Она обернулась и извинилась за вторжение без стука; по правде говоря, она напрочь забыла о существовании вдовы Форстера. Позже она поняла, что это была не только ее оплошность: большинство людей помнило о существовании Джессики только до тех пор, пока она была рядом. В сознании Флавии невольно всплыло слово «мышка», и как она ни пыталась избавиться от этой уничижительной характеристики, слово застряло у нее в голове и напоминало о себе на протяжении всего разговора.
Миссис Форстер была моложе своего мужа на добрый десяток лет, если не больше. В ней не было ни капли той самоуверенности и надменности, которыми отличался ее муж. У женщины было лицо безвинной страдалицы и ханжи, о чем свидетельствовали плотно сжатые губы и опущенный подбородок. Кроме того, она ужасно нервничала и пребывала в сильной депрессии – впрочем, в подобных обстоятельствах это вполне объяснимо, великодушно решила Флавия. Джессика все время теребила край платья, запиналась, дрожала, и Флавия вдруг почувствовала, что заражается ее состоянием. Разговорить женщину оказалось непросто.
Первым делом Флавия выразила свои соболезнования в связи с кончиной мистера Форстера и получила ответ:
– Это был шок, я до сих пор не могу поверить в случившееся.
– Не знаю, могу ли я спрашивать…
– Вы хотите допросить меня?

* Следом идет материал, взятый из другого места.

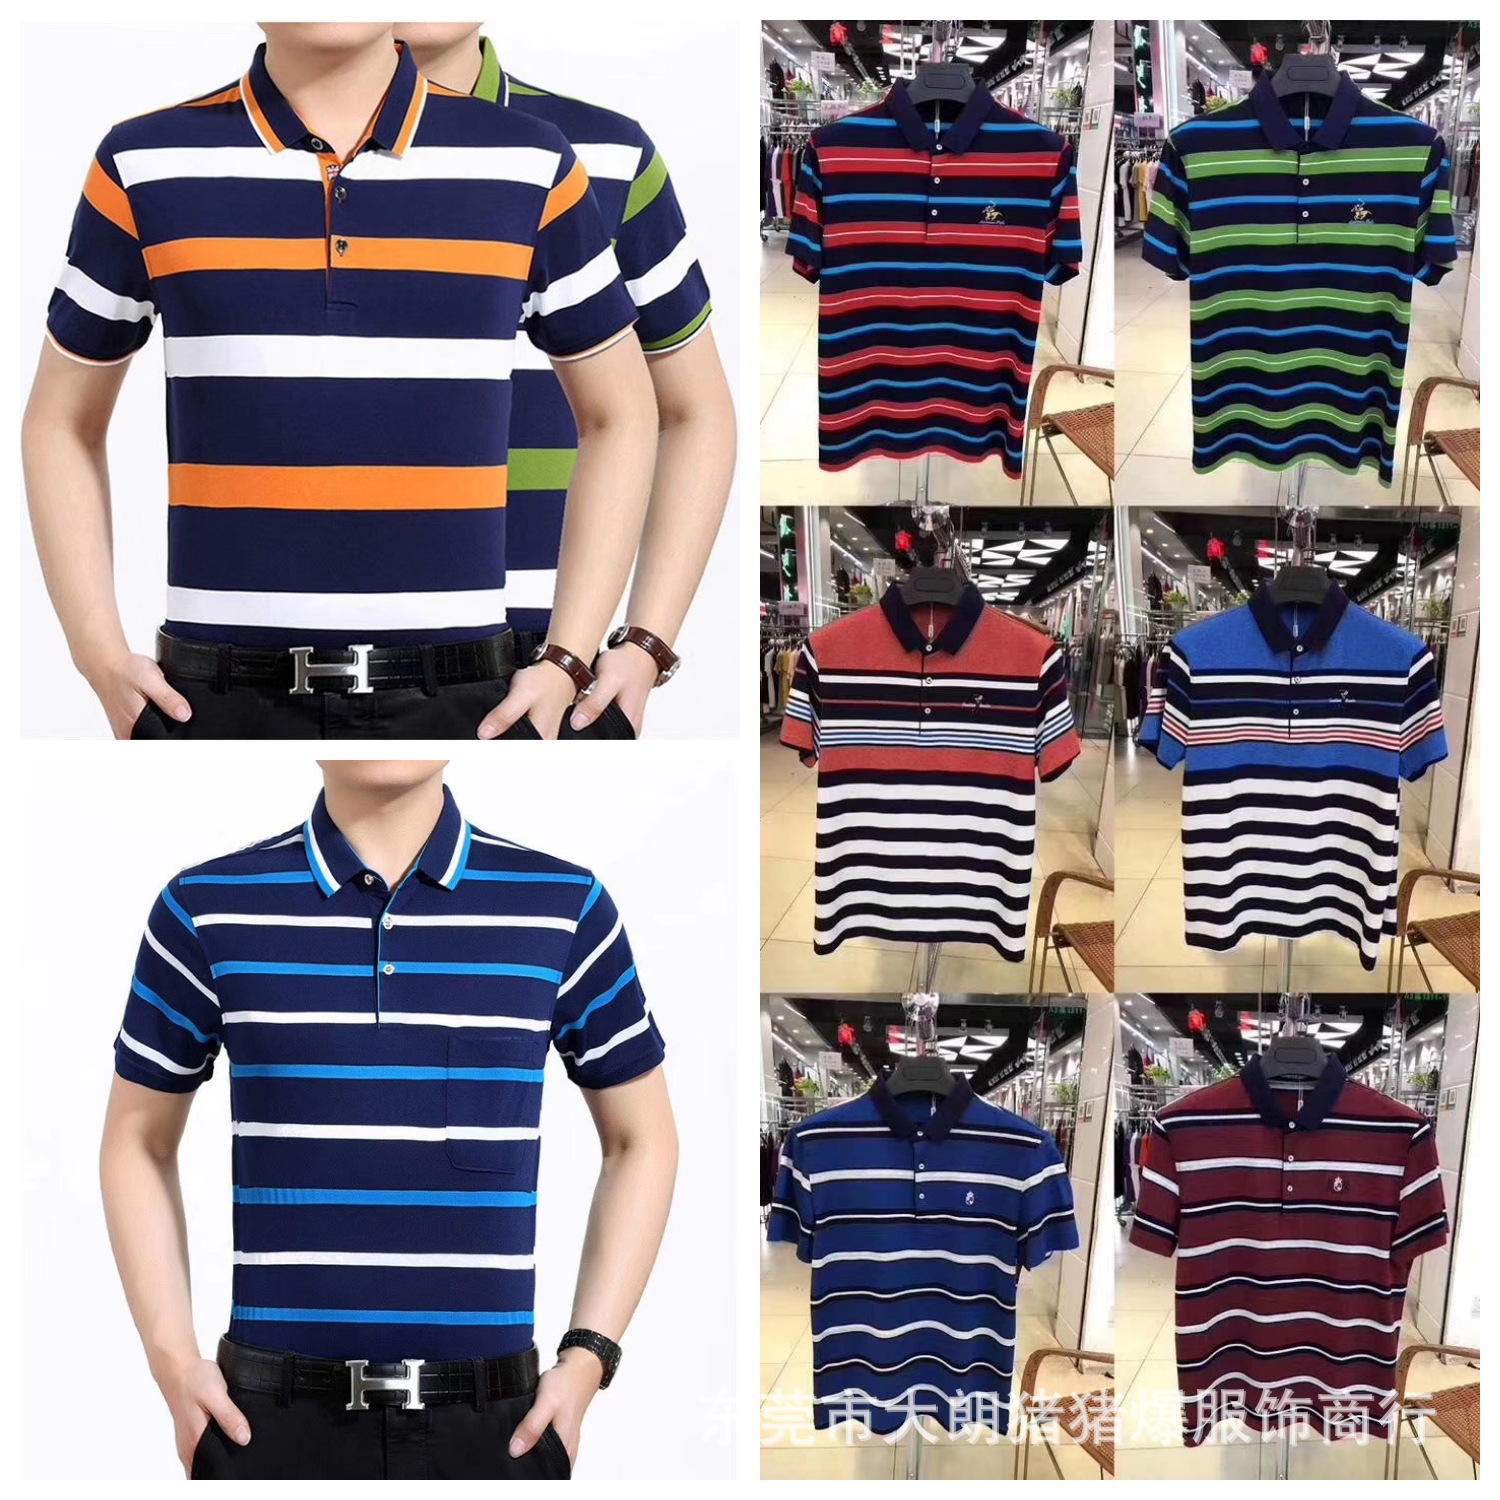 Men's Short Sleeved T-shirt Middle-Aged and Elderly Men's Striped Lapel Short Sleeved T-shirt Shirt 1688 Dad Summer Polo Shirt Men's T

Я уже все рассказала полиции.
Флавия поспешила заверить, что ей нужно совсем другое.
– А кто вы?
Флавия объяснила и поинтересовалась:
– Что вам сказали в полиции?
– Ничего, они только спрашивали. Это было ужасно. Они вели себя так, словно меня это все не касается.

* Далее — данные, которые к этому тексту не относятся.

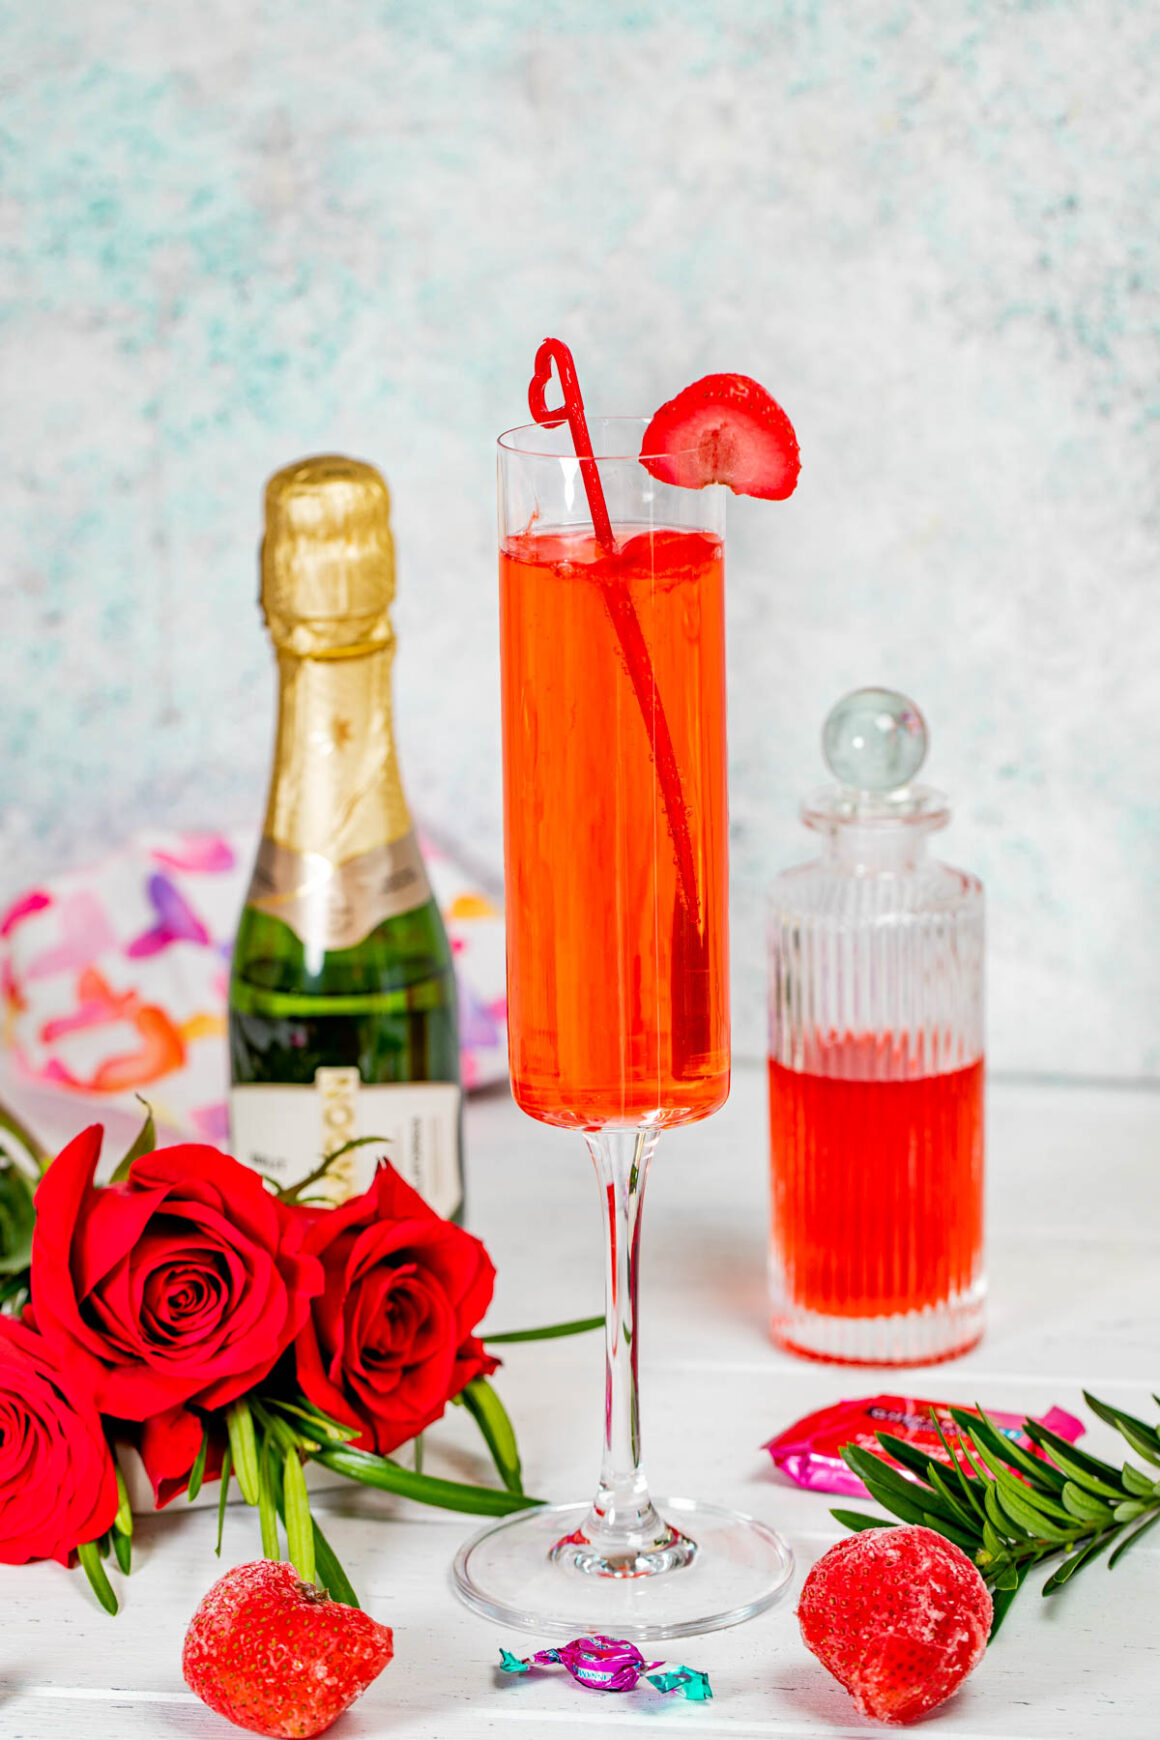 strawberry crush cocktail served into a champagne glass, garnish with a strawberry sliced

Опустив некоторые подробности, Флавия поделилась с ней кое-какой информацией, а под конец спросила про Поллайоло; либо вдова очень хорошо притворялась, либо ей действительно ничего не сказали в полиции, но она решительно ничего не знала. Флавия склонялась ко второй версии: Джессика Форстер казалась столь незначительным существом, что все обращались с ней соответствующим образом.
Вдова так высокопарно благодарила Флавию за то, что та потрудилась разъяснить ей ситуацию, что итальянка невольно прониклась к ней сочувствием.